Traders work on the floor of The New York Stock Exchange
A trader on the floor of The New York Stock Exchange.
  • The US economy is barreling toward a serious recession, DoubleLine Capital's Jeffrey Sherman says.
  • Sherman predicts an embattled Fed will cut interest rates by a whole percentage point in response.
  • DoubleLine CEO Jeffrey Gundlach has also warned of a recession and a flurry of loan defaults.

The US economy will suffer a severe recession, spurring the Federal Reserve to slash interest rates by a whole percentage point at once, DoubleLine Capital's chief investment officer says.

"A multitude of economic indicators we look at are flashing either warning or recessionary signals," Jeffrey Sherman told Bloomberg. "By the time they cut, it will be 100 basis points."

Sherman singled out the inverted yield curve, a reliable predictor of past recessions. Short-dated US Treasuries are currently paying higher yields than long-dated ones, signaling investors expect the Fed to cut rates in the next few years — which the central bank typically does during economic downturns.

"The bond market is telling the Fed that they've overtightened and they will have to cut rates," Sherman said. He predicted that policymakers would be slow to act, and eventually opt to reduce rates by 100 basis points in one go to pull the economy out of the doldrums.

Sherman added that a recession was likely to hit in another 12 to 18 months, and disclosed that he's betting on long-dated government bonds. He's also purchased shorter-maturity, investment-grade corporate bonds as they offer sizeable yields, and he sees little risk of imminent defaults, he said.

However, Sherman noted an increasing percentage of companies are failing to repay their variable-rate loans, due to the Fed hiking borrowing costs from almost zero to over 5% since last spring. If that trend continues, it could indicate a recession is looming, he said.

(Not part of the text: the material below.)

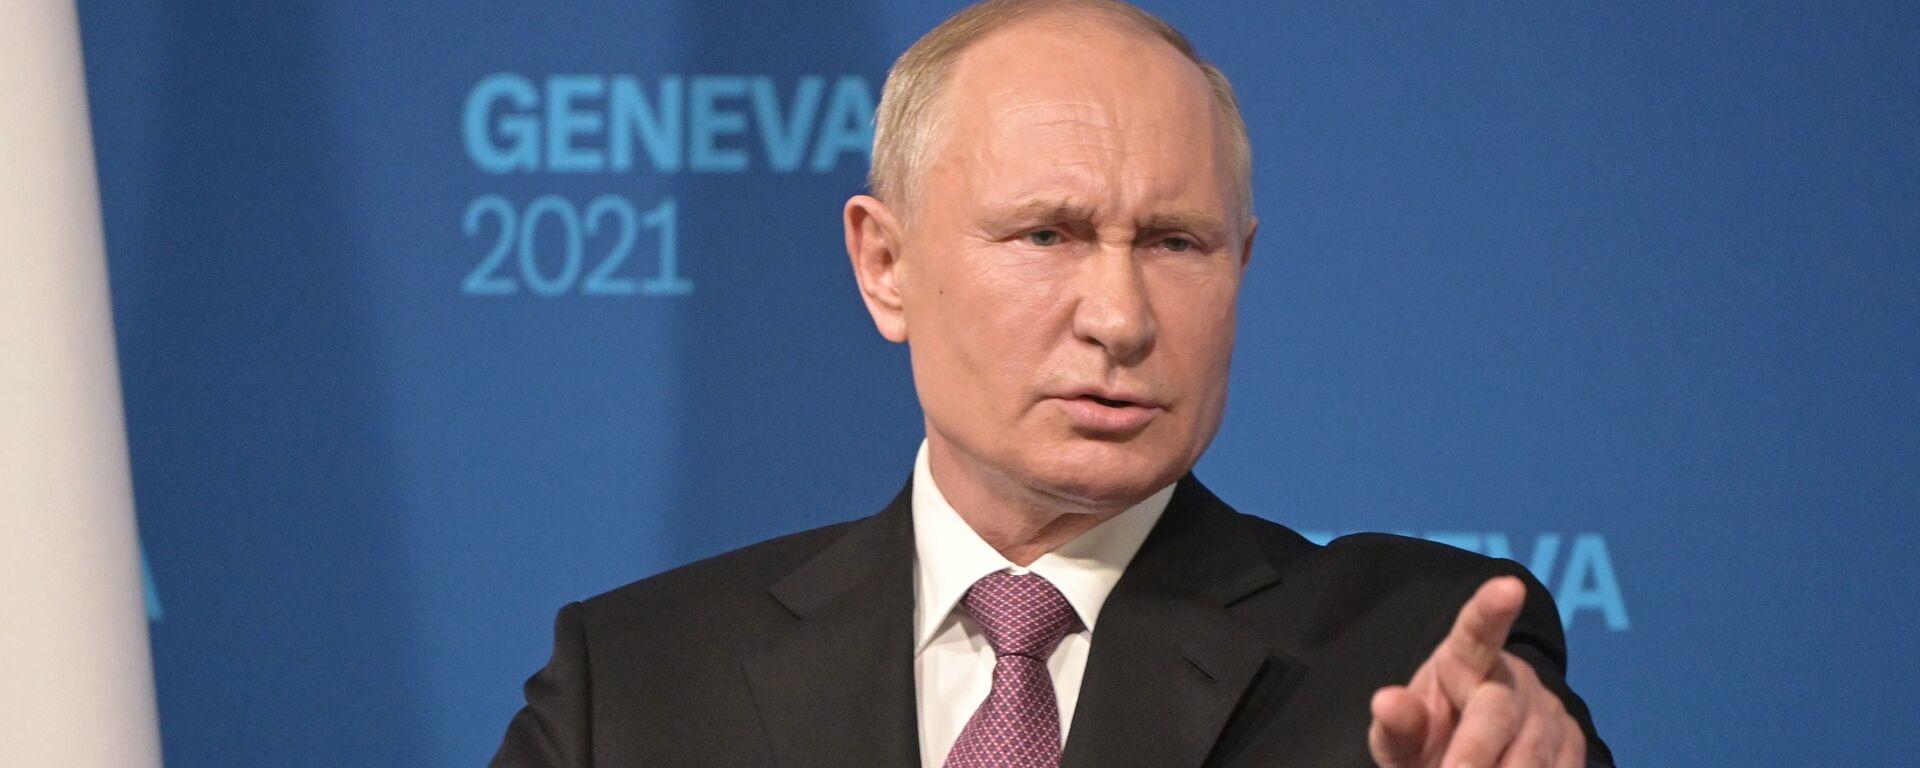 Władimir Putin - Sputnik Polska, 1920, 12.07.2021

"I think one signal to watch now is the rising default rate within the loan market," Sherman noted.

DoubleLine's billionaire CEO, Jeffrey Gundlach, has been sounding the recession alarm for several months. The fixed-income guru, whose nickname is the "Bond King," has also predicted pain for stocks, a wave of loan defaults, stubborn inflation, and significant rate cuts by the Fed.